I hesitated and, apparently attributing my hesitancy to greed, Richmond said, “Name your price, then. I will gladly pay it.”
“Money is not at issue,” I told him. “Mental ailments—and I presume this is why you have sought me out, to treat such an ailment—are not easily corrected. I am no carpenter who can repair your steps or patch a hole in your roof in a few hours.”
“I do not expect you to effect a cure, simply to give me your counsel.”
“On what subject? Is there a patient you wish me to observe?”
“Two. Myself and one other.”
I started to speak, but he said, “You have questions for me. That I understand. And I intend to answer them. But my answers, insufficient as they are, will be far more revealing in light of what I have to show you.”

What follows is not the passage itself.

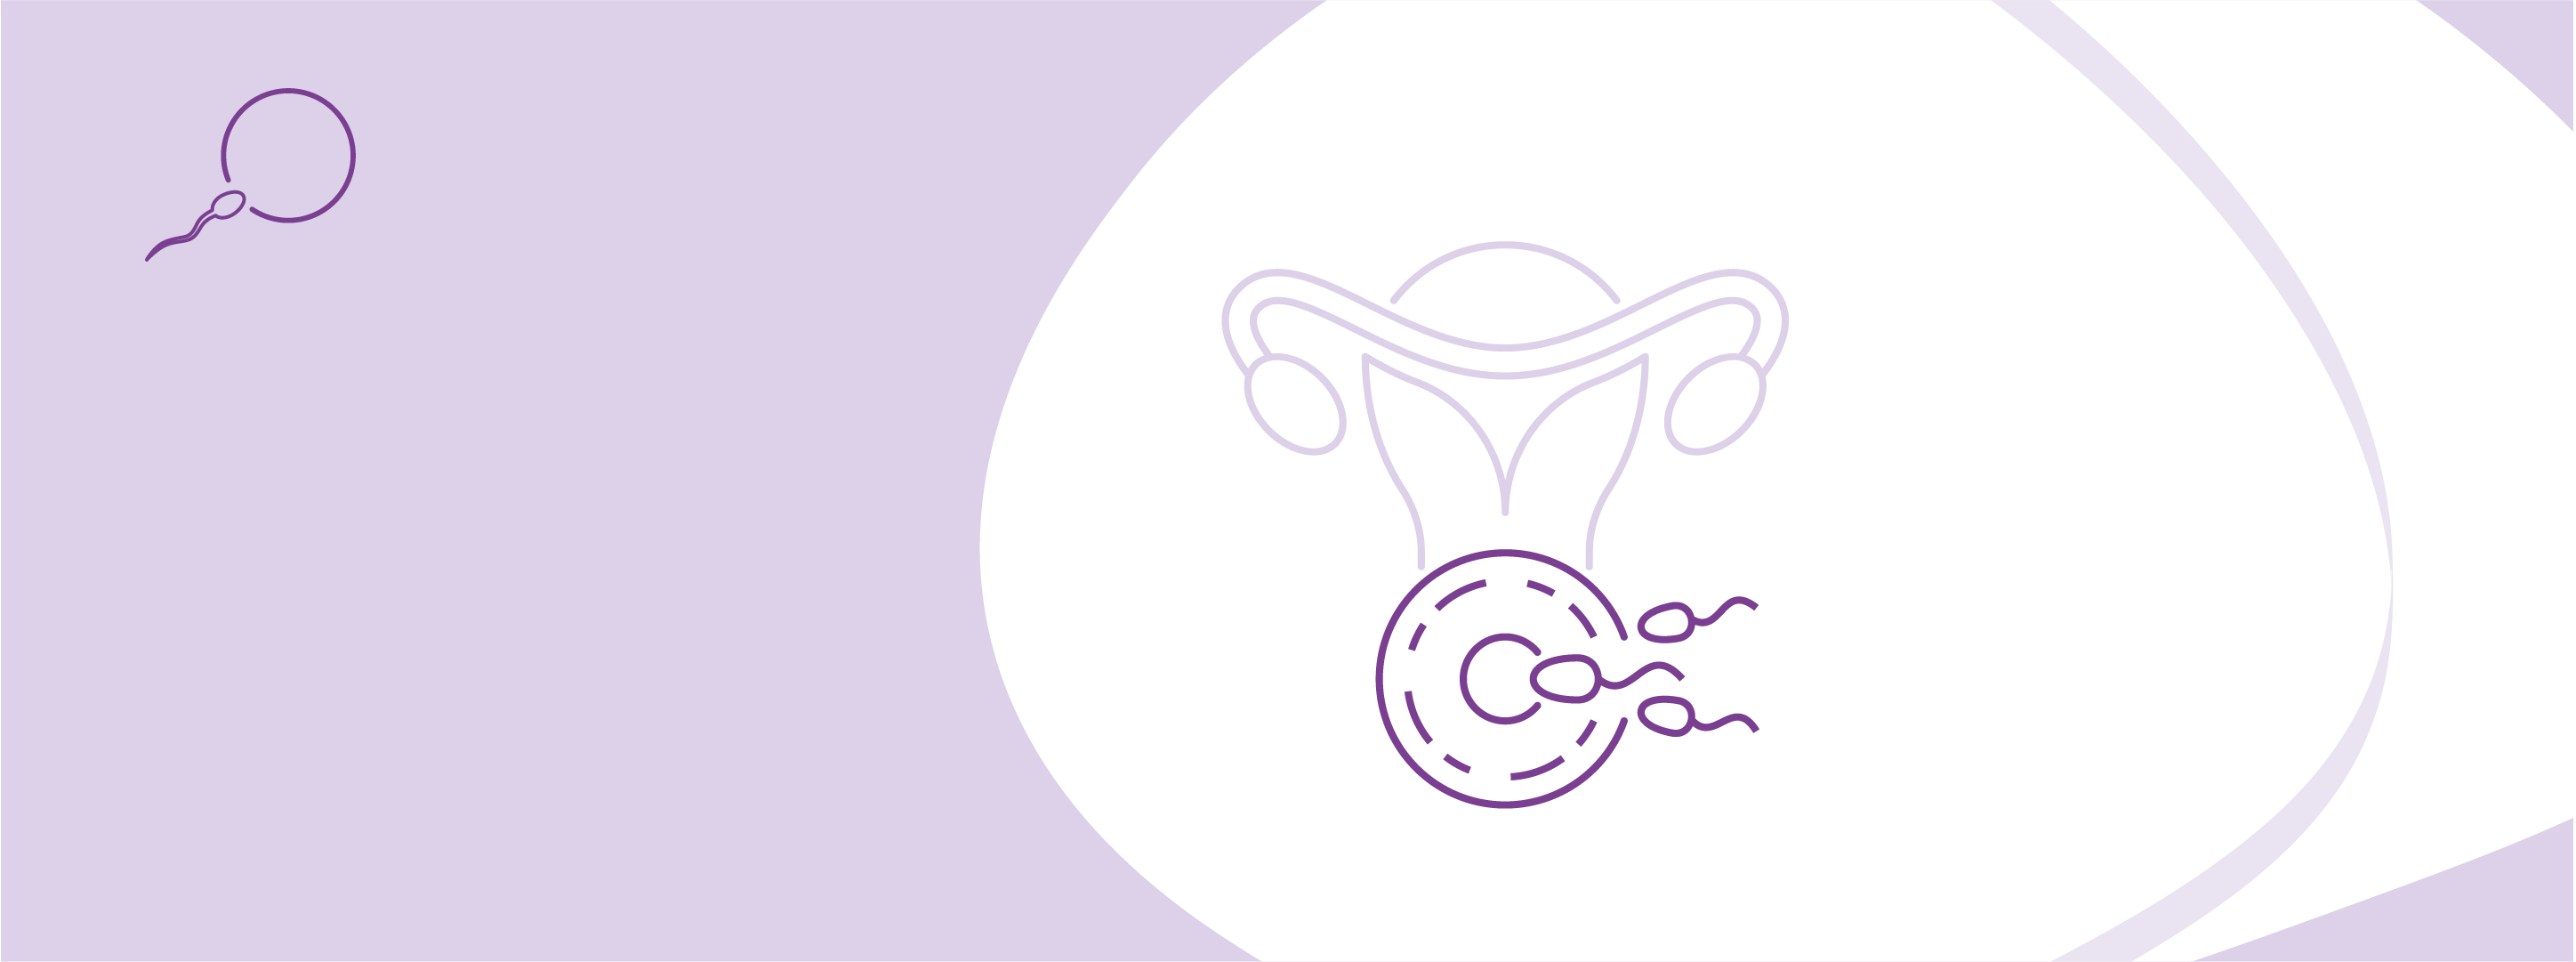 Програма ЕКЗ із донорськими яйцеклітинами за допомогою сурогатного материнства (до 15 яйцеклітин)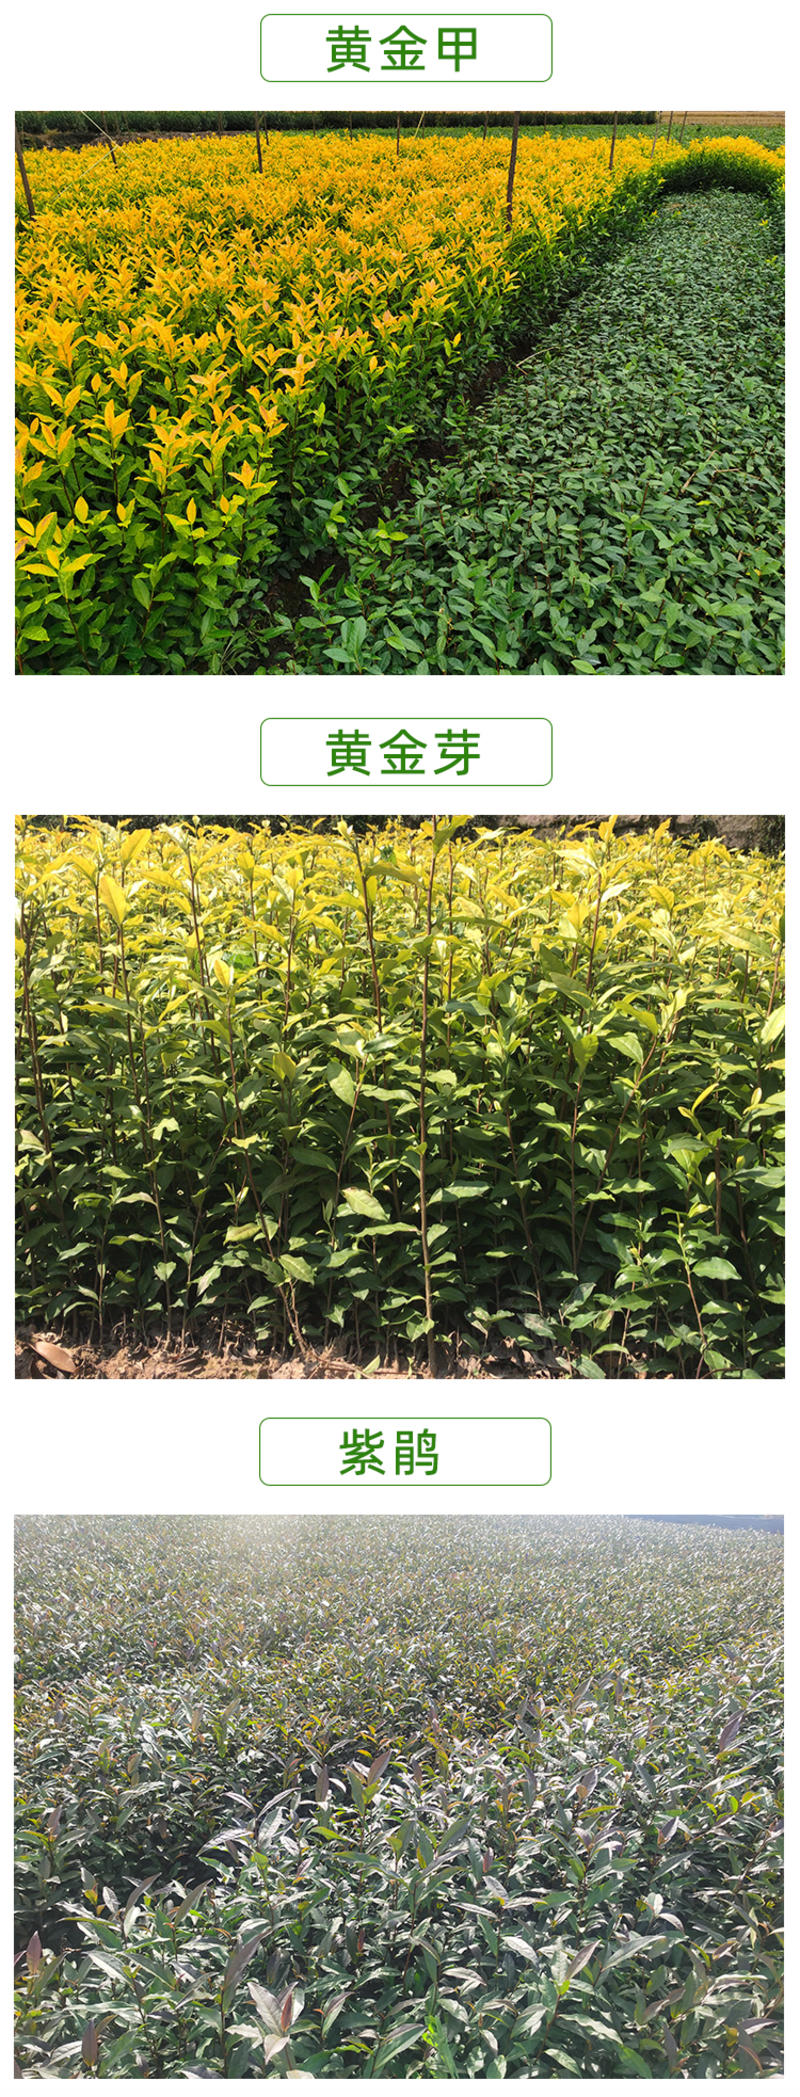 中茶108茶树苗龙井系列茶苗品种齐全绿茶扁碧螺春茶树苗

Without waiting to learn whether or not I would accept his invitation (I fully intended to accept, seduced by the air of mystery attaching to it), he produced a silver whistle from his coat and sounded a blast. A coach and pair lurched into view at the end of the lane, wheels and hooves raising a clatter. At that distance, rendered featureless and distorted by the fog, it posed an indistinct black mass against the diffuse yellow light, and the coachman’s bulky figure, established in vague silhouette, seemed a projection of that blackness, the crude semblance of half a man. I climbed into the coach with no little trepidation, its aspect having brought to mind a Turner seascape I had long admired, not as regards its particulars, but relating to the sinister mood suggested by its depiction of a numinous fiery light smothered beneath lowering grim clouds.